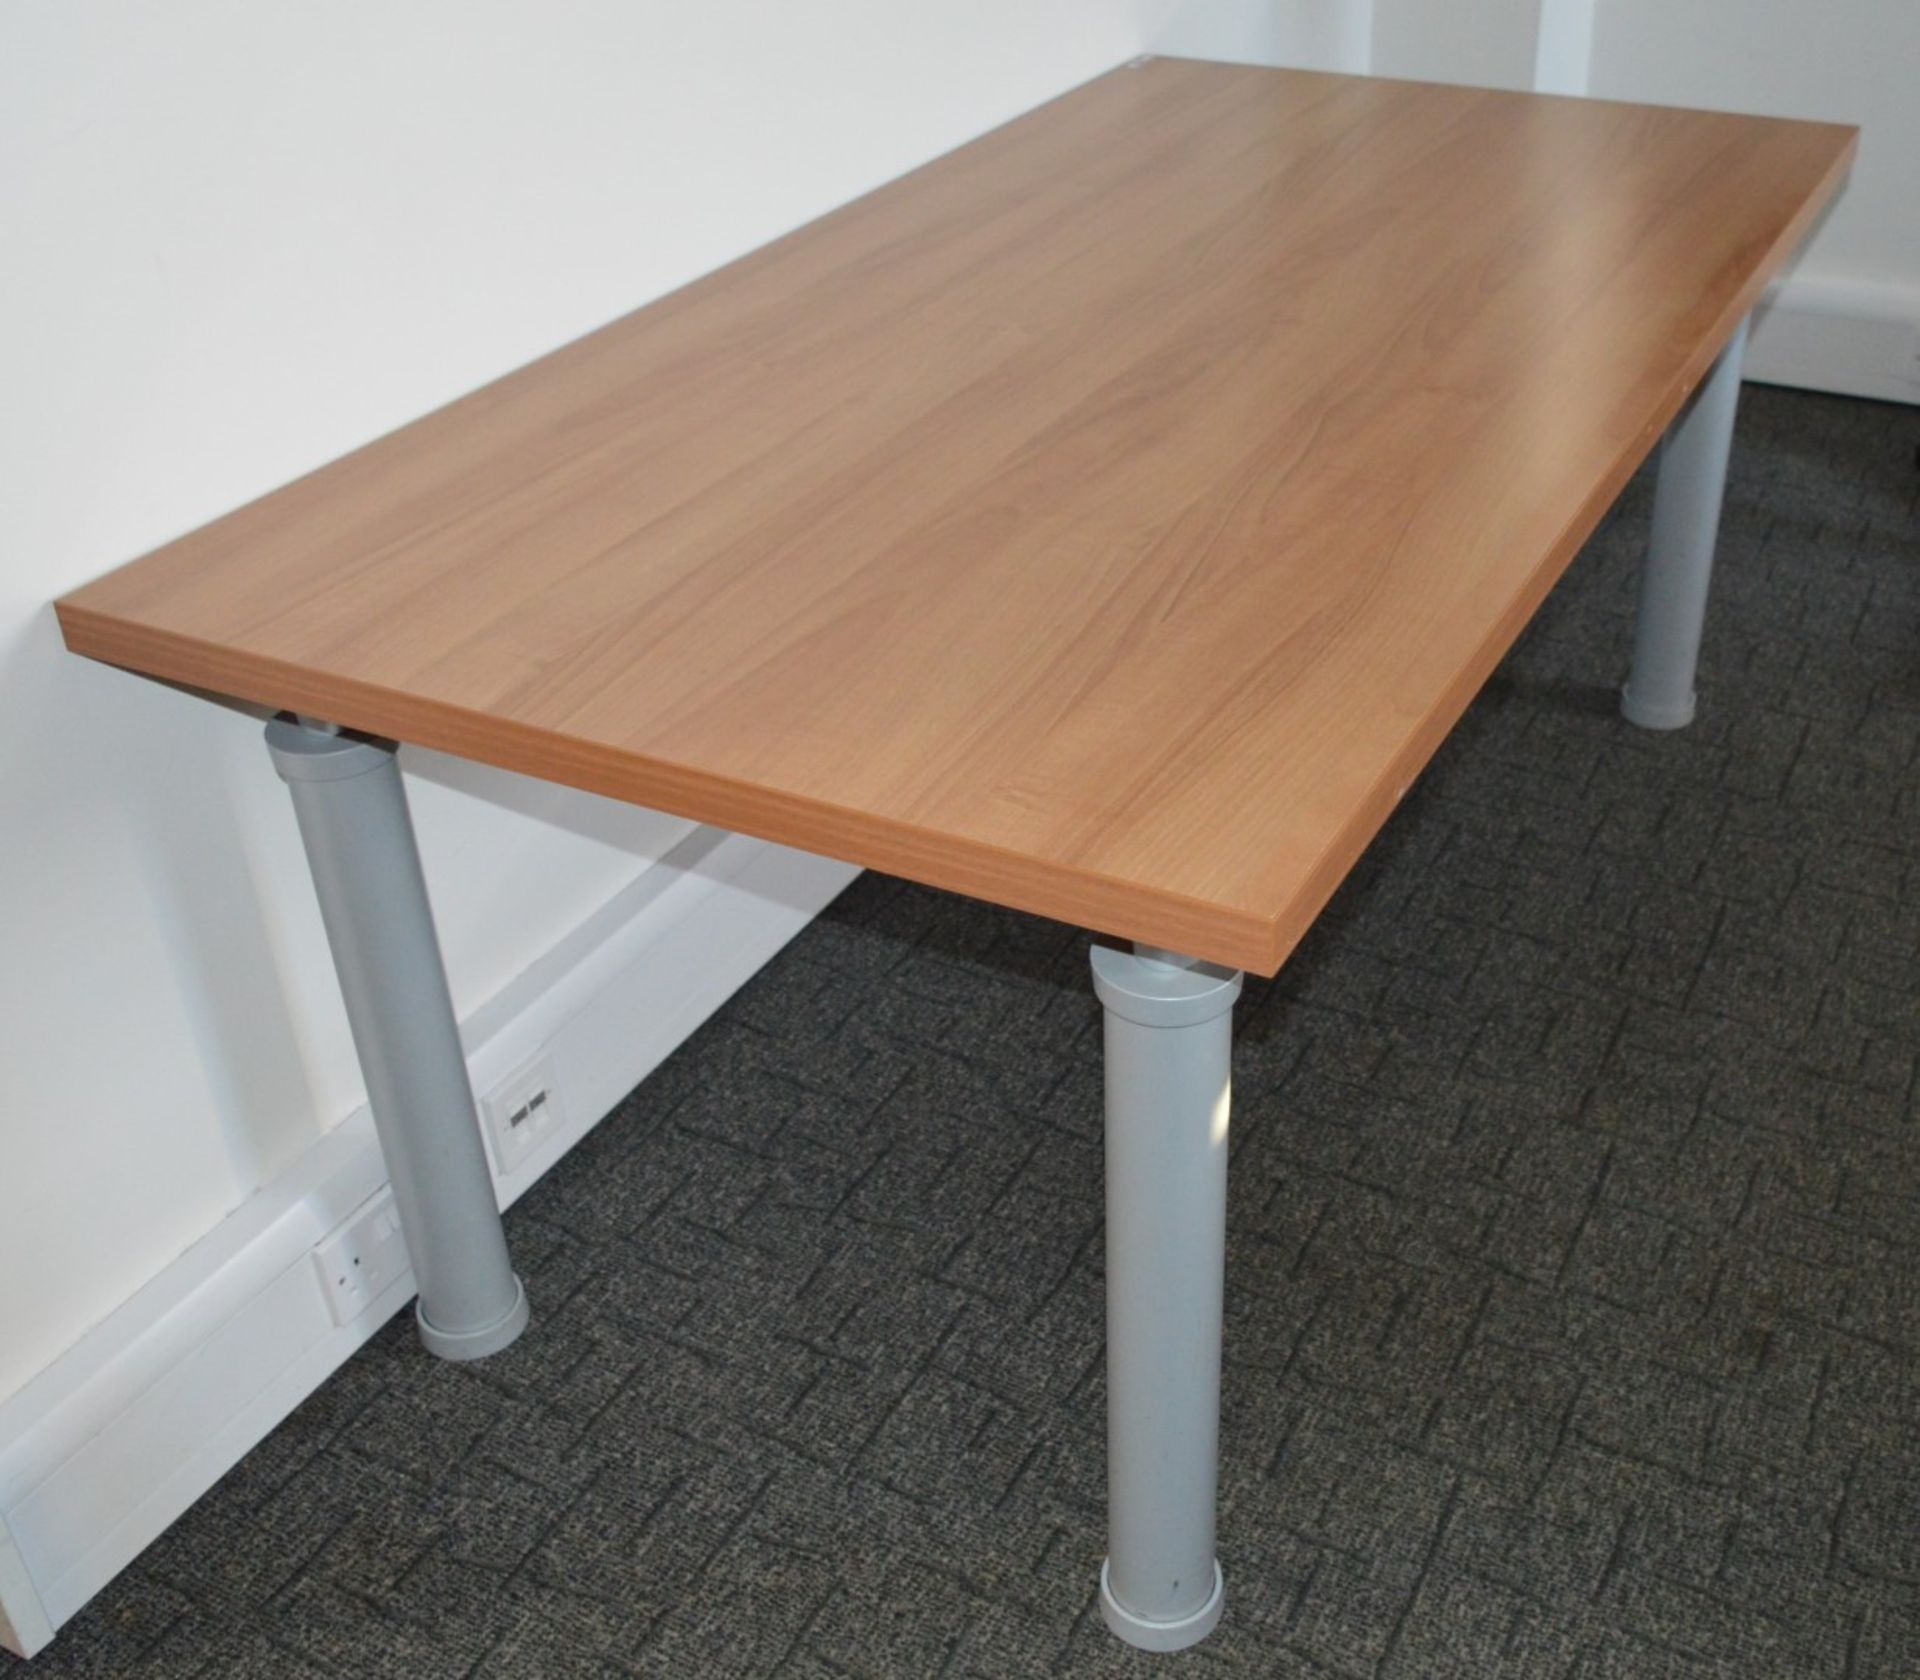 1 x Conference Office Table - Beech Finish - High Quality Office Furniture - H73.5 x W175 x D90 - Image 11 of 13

* * *

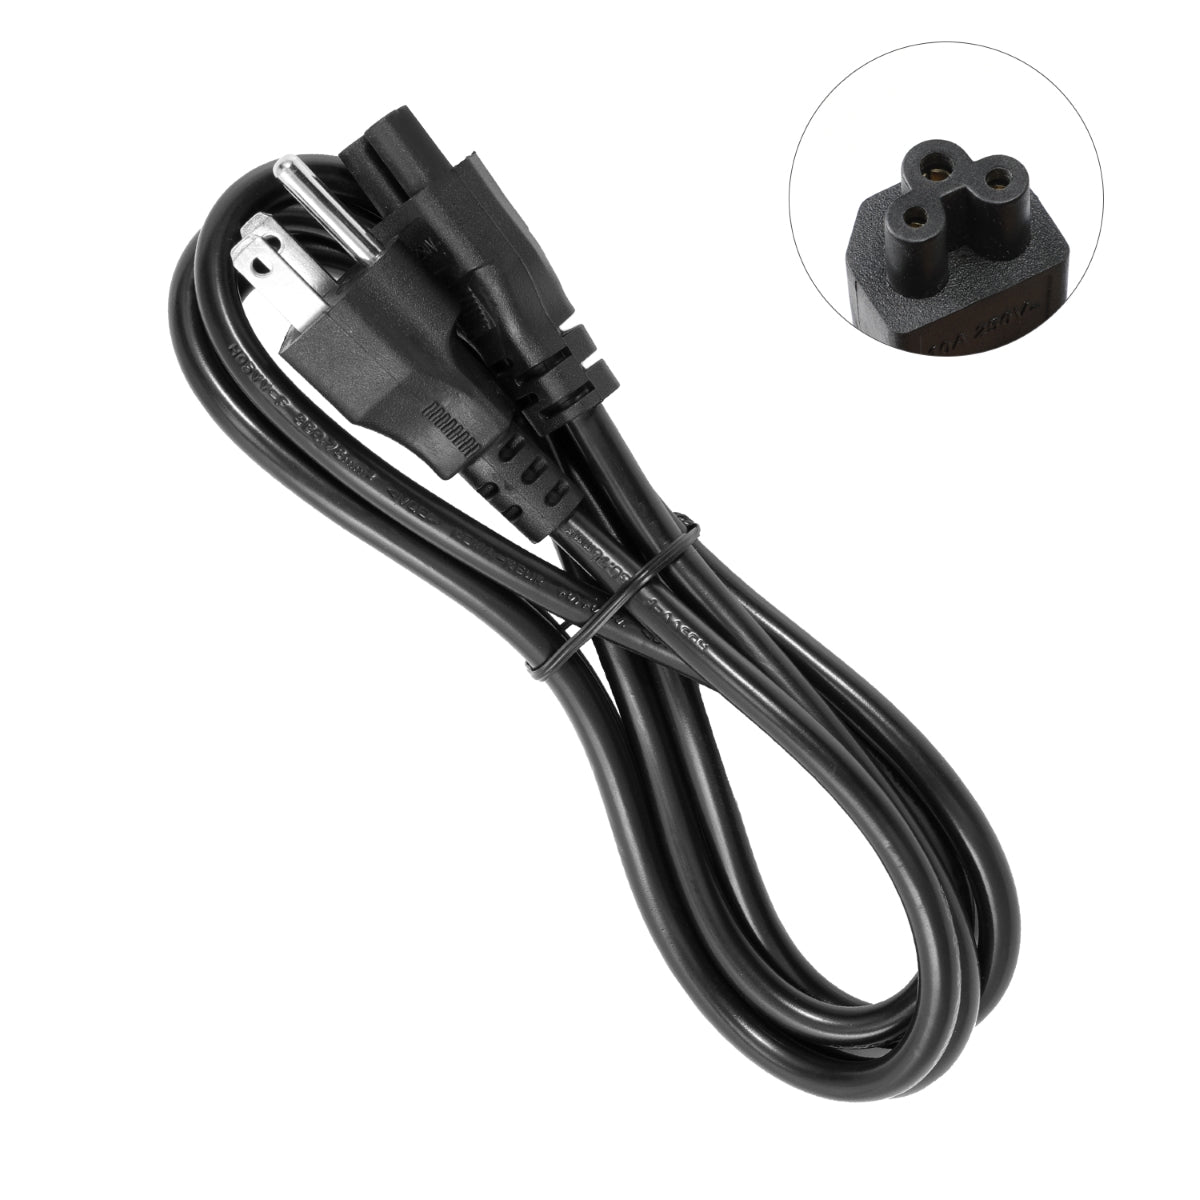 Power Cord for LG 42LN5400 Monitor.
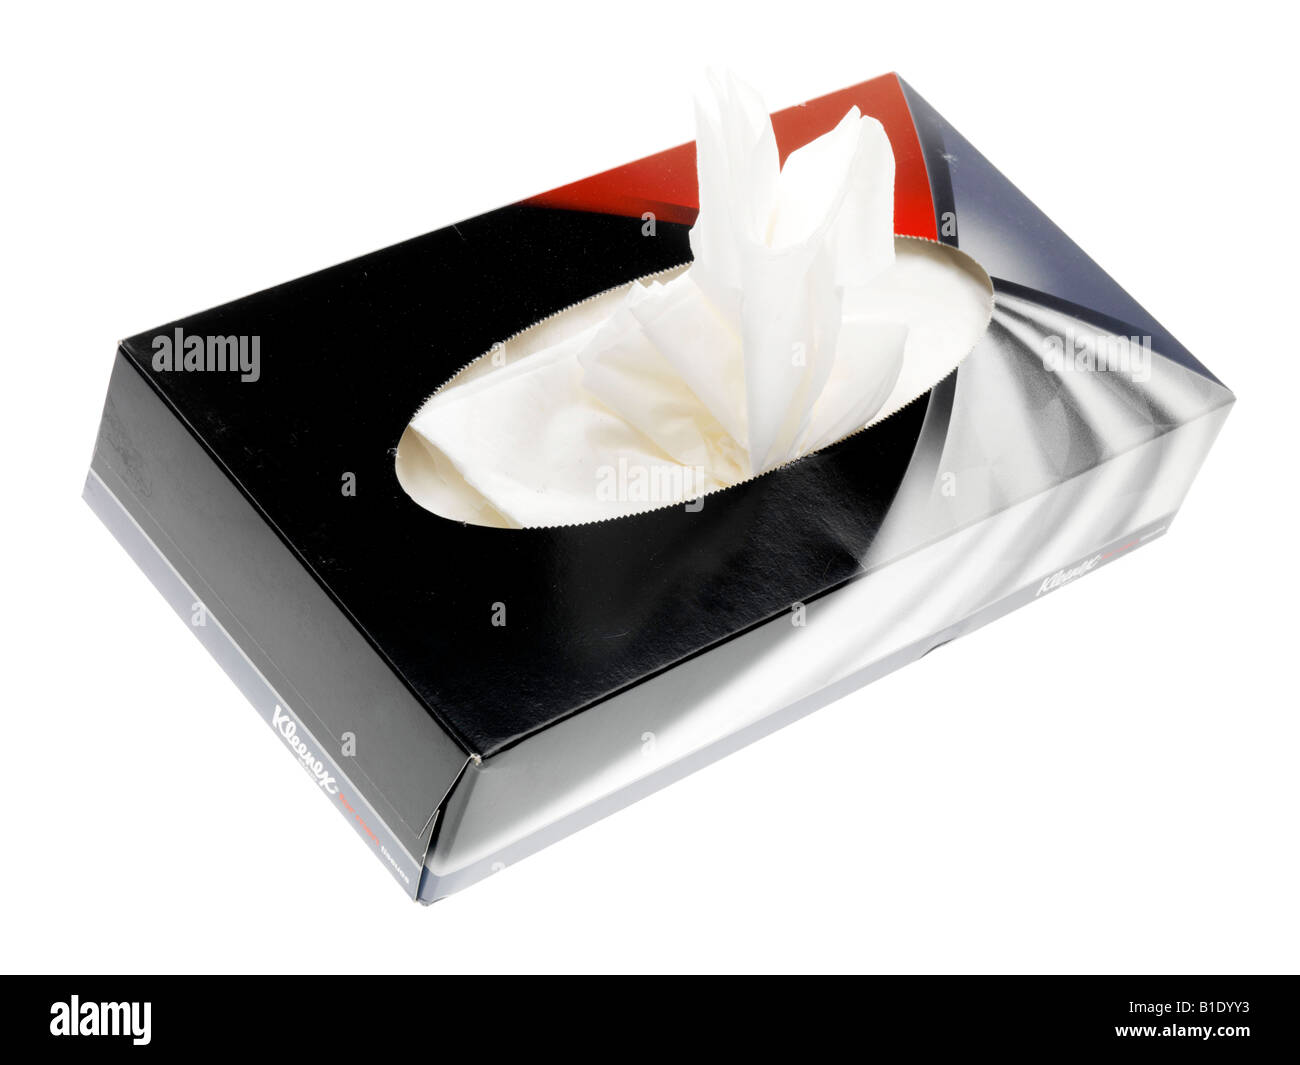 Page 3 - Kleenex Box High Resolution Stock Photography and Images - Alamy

• [Exercise description] Return the lines above from the one with "Power Cord for LG 42LN5400 Monitor." through the one with "Page 3 - Kleenex", verbatim and nothing else. Omit every picture.

• [Exercise output]
 Power Cord for LG 42LN5400 Monitor.
 Page 3 - Kleenex Box High Resolution Stock Photography and Images - Alamy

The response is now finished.